Problem statement: Leaving the pictures aside, restate all of the data exactly.

Given data:
>>>>>
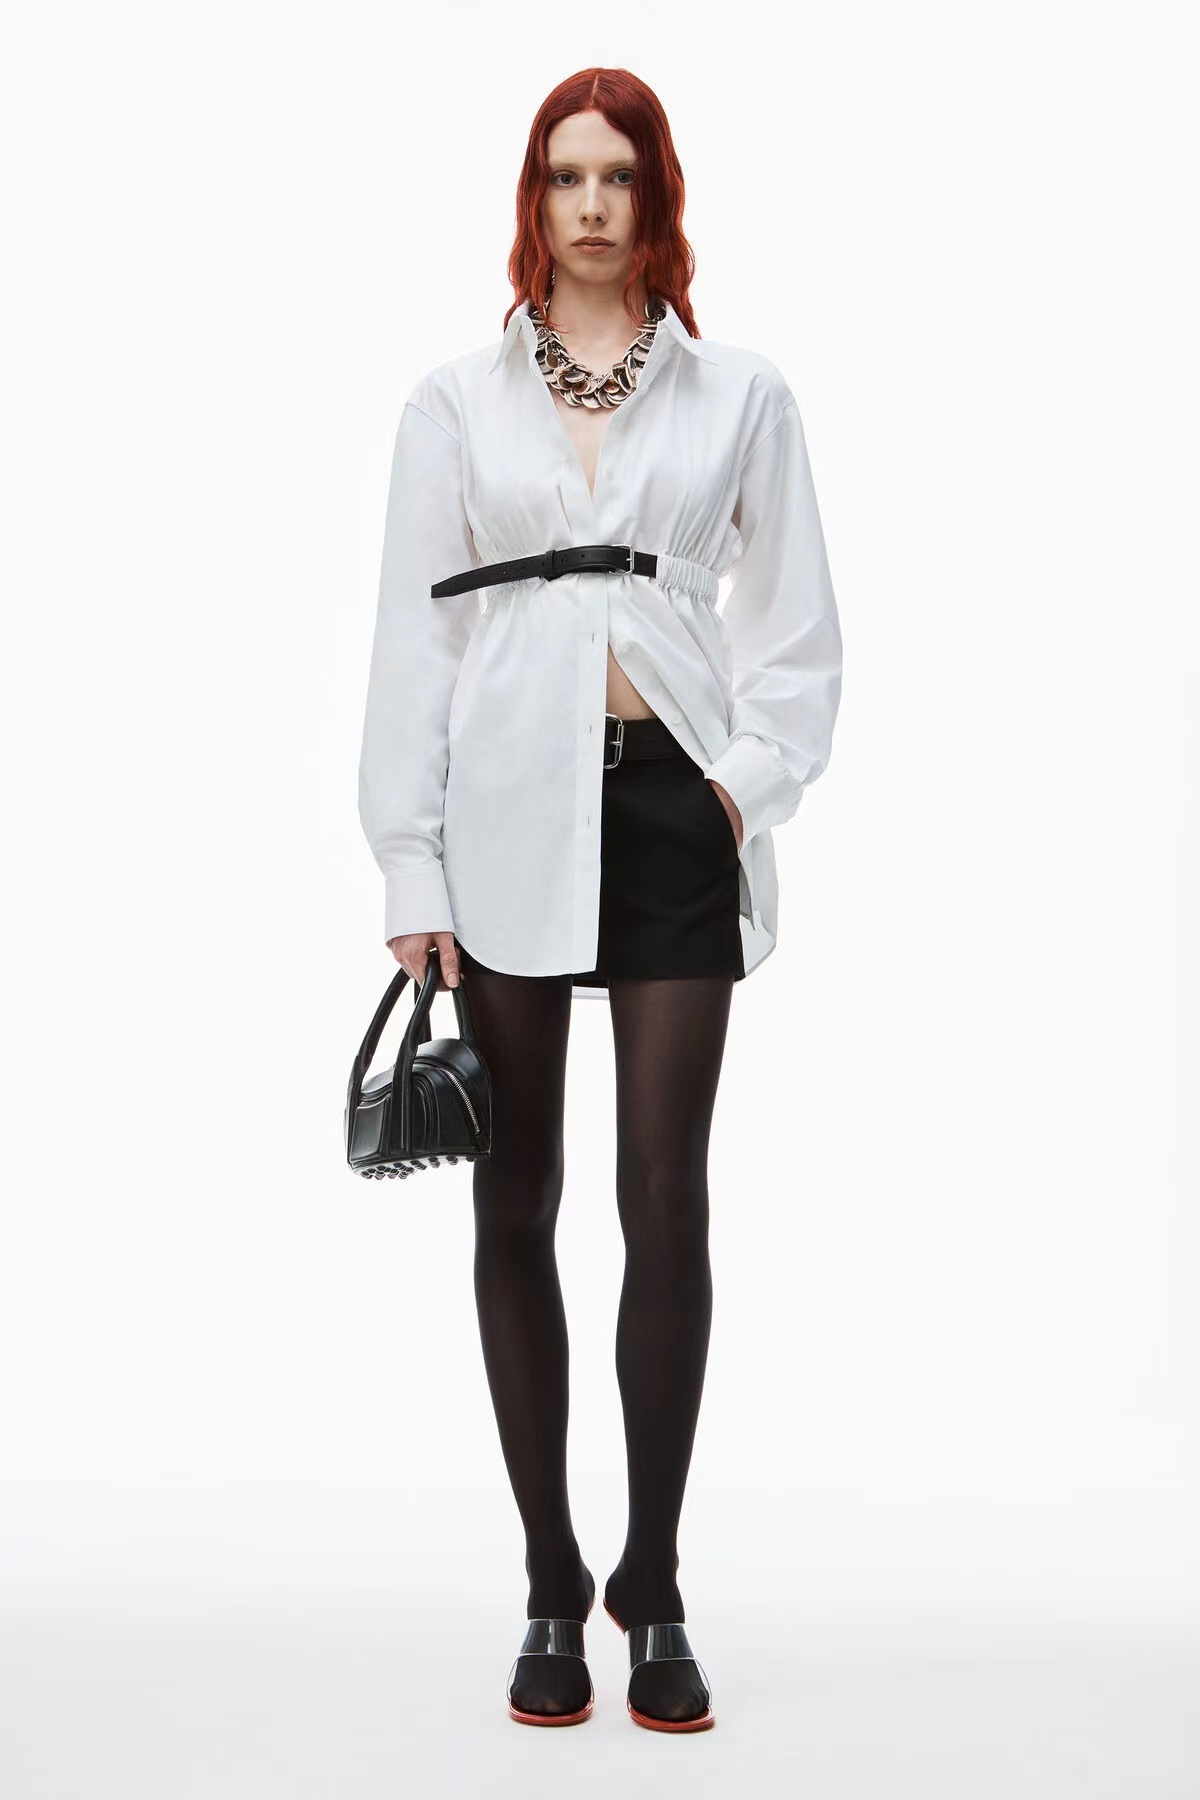 新款！最新AW 24N 腰带收腰衬衫连衣裙。颜色：黑、白。尺码:SML。Pzldbd。
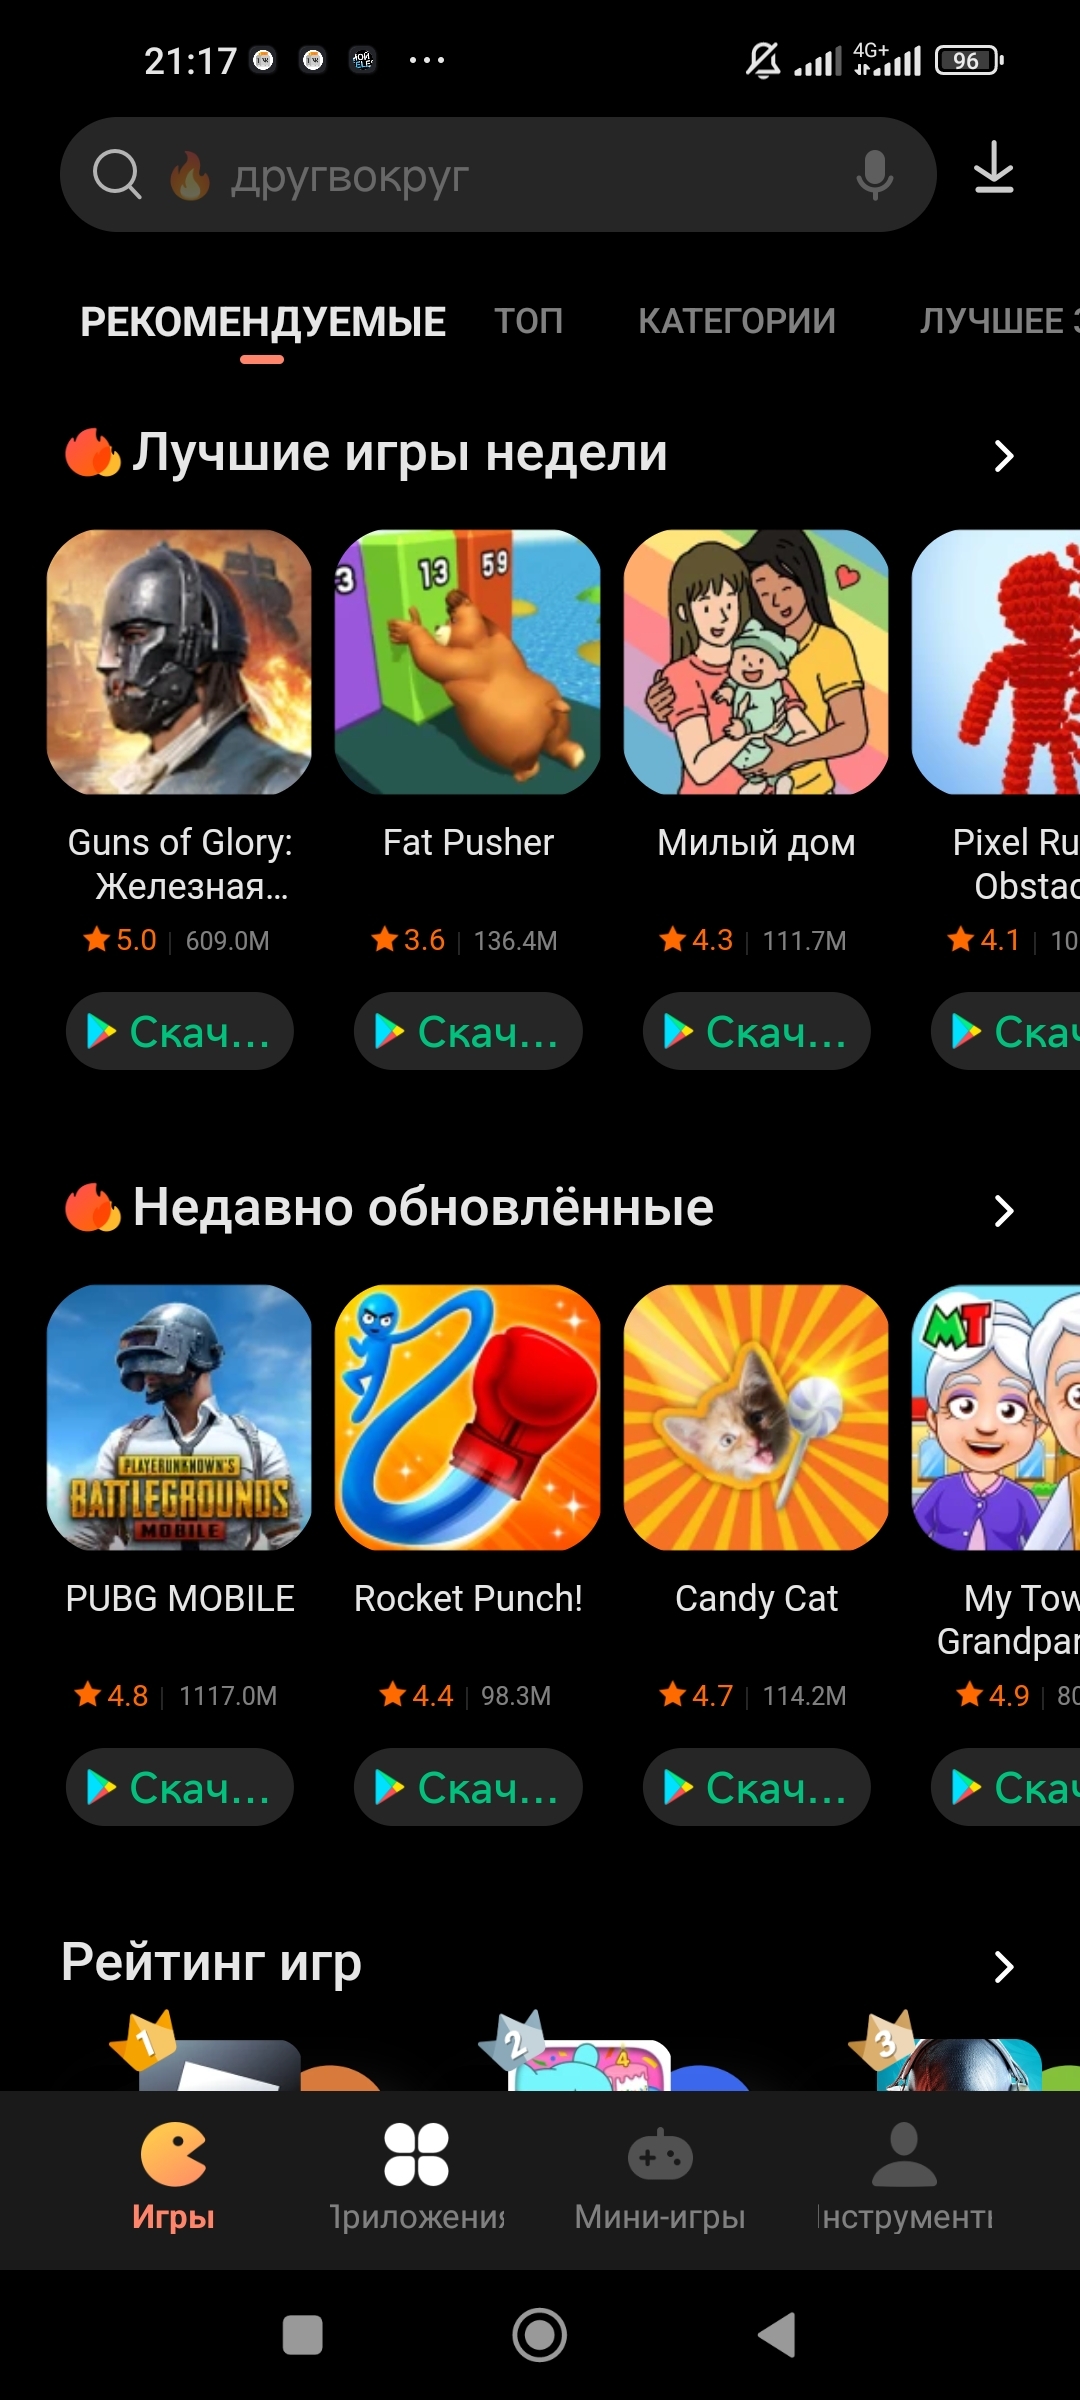 Скачать телеграмм бесплатно на русском на андроид с плей маркета фото 81
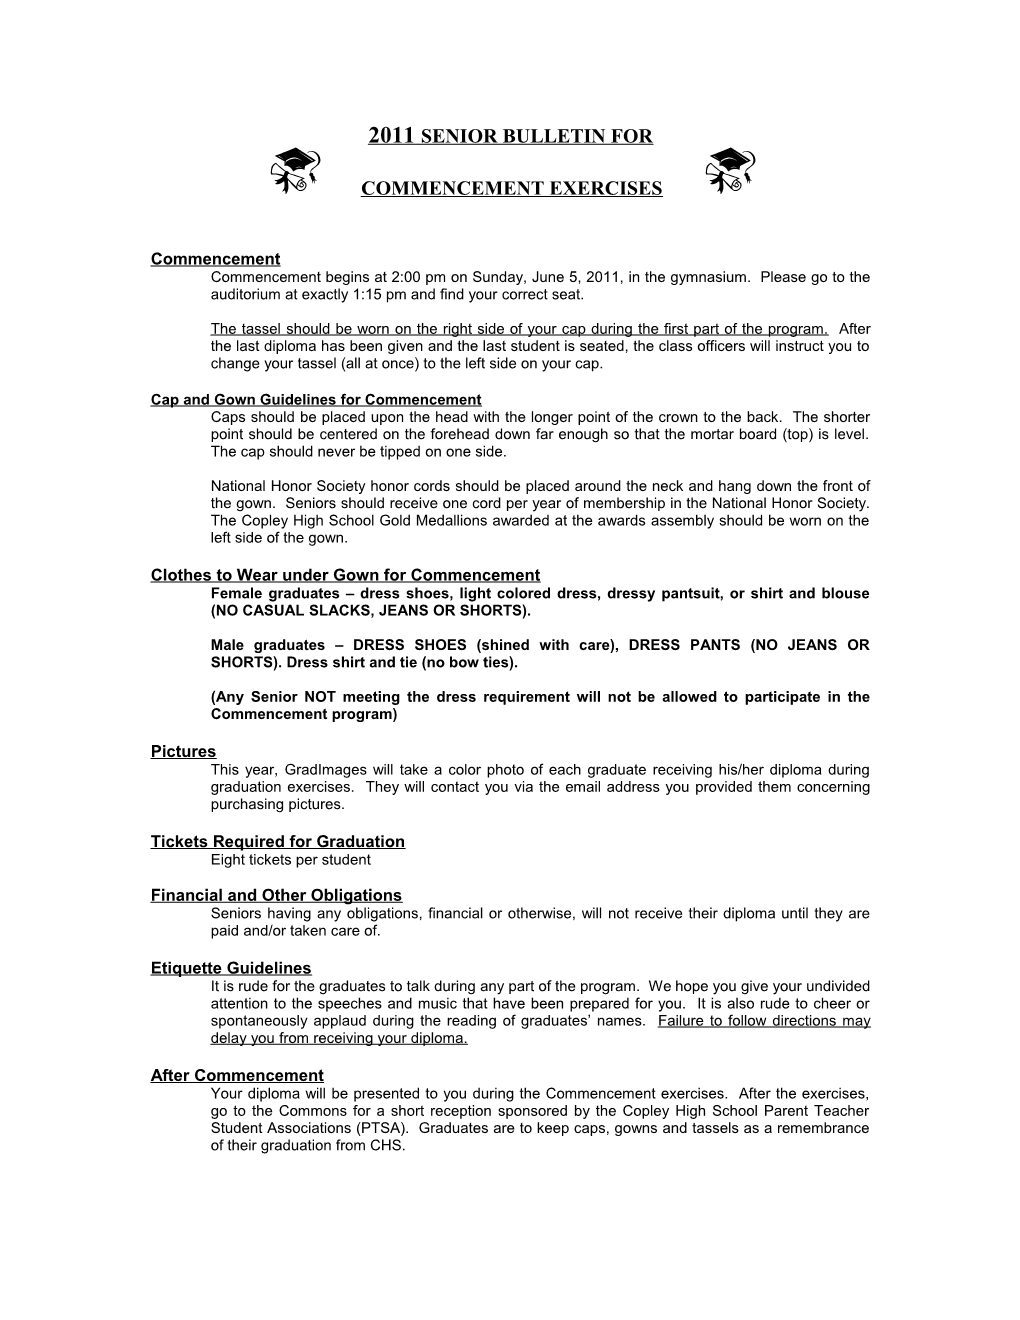 2008 Senior Bulletin for Commencement Exercises
<<<<<
Solution to this exercise:
 新款！最新AW 24N 腰带收腰衬衫连衣裙。颜色：黑、白。尺码:SML。Pzldbd。
 Скачать телеграмм бесплатно на русском на андроид с плей маркета фото 81
 2008 Senior Bulletin for Commencement Exercises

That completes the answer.